下午五点整,原州市委常委大院二号楼,市长办公室。
夕阳如血,斜斜地穿过厚重的窗帘缝隙,将整间宽敞气派的市长办公室切割成一道道阴暗交错的光影。
整栋市委大楼内死寂得可怕,往日里门庭若市、排队等候向市长汇报工作的各局委一把手,此刻早已跑得无影无踪,甚至连整条走廊里都听不到半点声响。
办公室中央,满地狼藉。昂贵的羊毛地毯上散落着碎裂的紫砂茶杯瓷片、几盒被踩扁的古巴雪茄以及被撕碎的常委会议案草稿。
原州市长马宗明正双手死死抓着那部不记名的加密卫星电话,整个人僵在宽大的红木办公桌前,额头上豆大的冷汗不断渗出,顺着他蜡黄松弛的脸颊疯狂滑落,浸湿了洁白的高档衬衫领口。

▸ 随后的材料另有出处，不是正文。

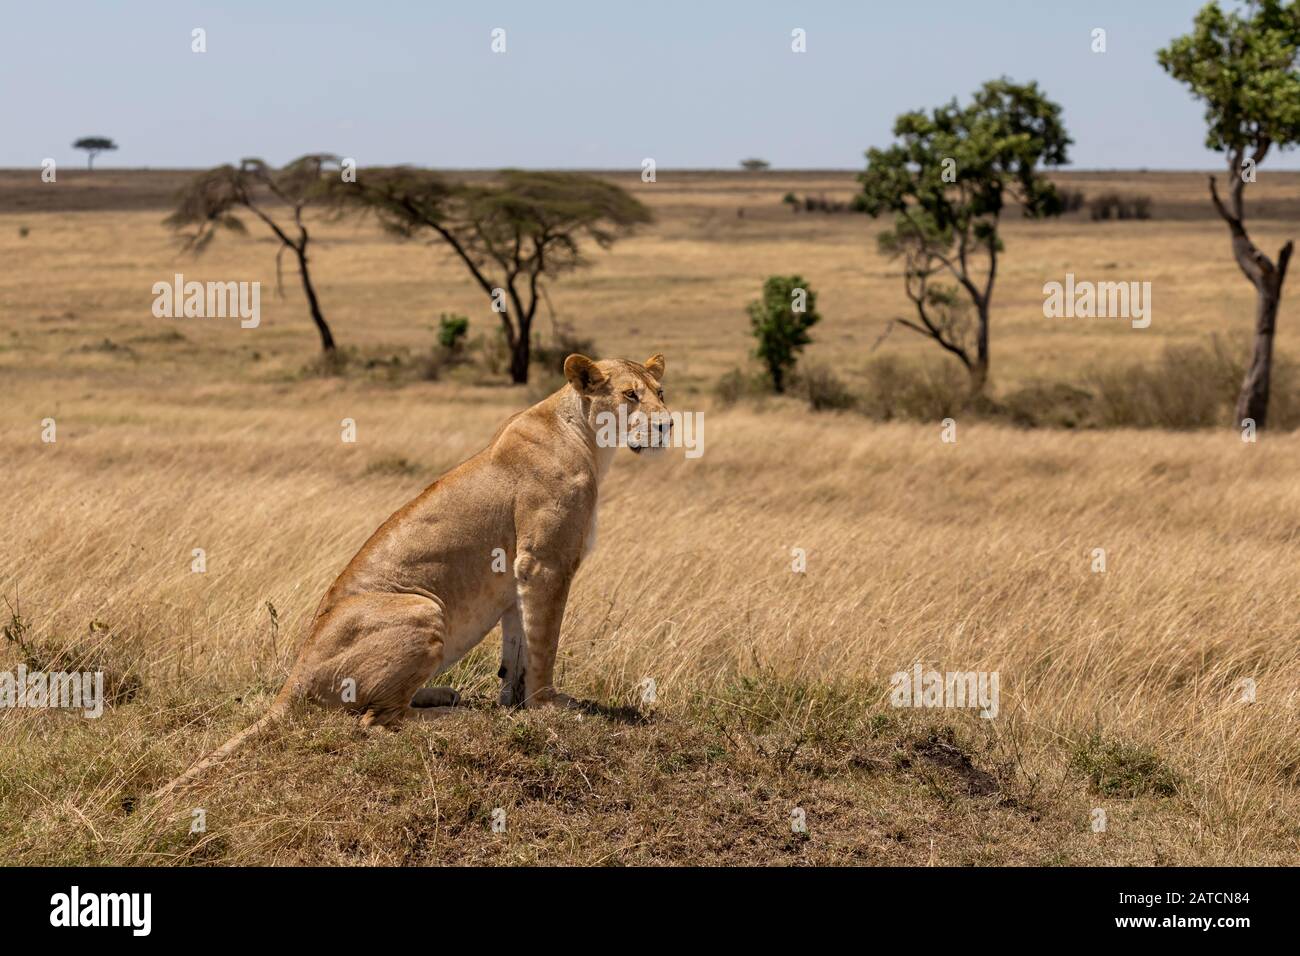 Lion africain (Panthera leo) femelle sur un chien termite à Mara North Conservancy, Kenya Banque D'Images

他已经连续拨打了整整三十多次省城常务副省长陆国华的私人专线电话,但听筒里传来的,自始至终只有冰冷刺耳且毫无感情的系统提示音:
“对不起,您所拨打的电话已关机……”
“陆国华……你这条老狐狸!你竟然在这个时候关机断联?!”马宗明嘴唇剧烈颤抖着,喉咙里发出如同濒死野兽般沙哑粗重的喘息,眼神中充满了无尽的狂怒与绝望。
马宗明瘫坐在冰冷的真皮转椅上,眼前的办公桌仿佛变成了一座巨大的审判台。
他看着墙上挂着的那幅由西陇省著名书法家题写的“清风明月”牌匾,嘴角露出一抹极度讽刺与惨淡的苦笑。
三十年前,他也曾是西北大山里一个一心想要改变家乡贫穷面貌的年轻热血干部。在乡镇任职时,他曾顶着风雪在泥泞的梯田里带领老百姓修水渠,手上磨满了血泡。然而,随着权力的不断膨胀,当他第一次面对矿老板送来的那一箱沉甸甸的黄金时,贪婪的毒蛇便彻底噬咬了他的灵魂。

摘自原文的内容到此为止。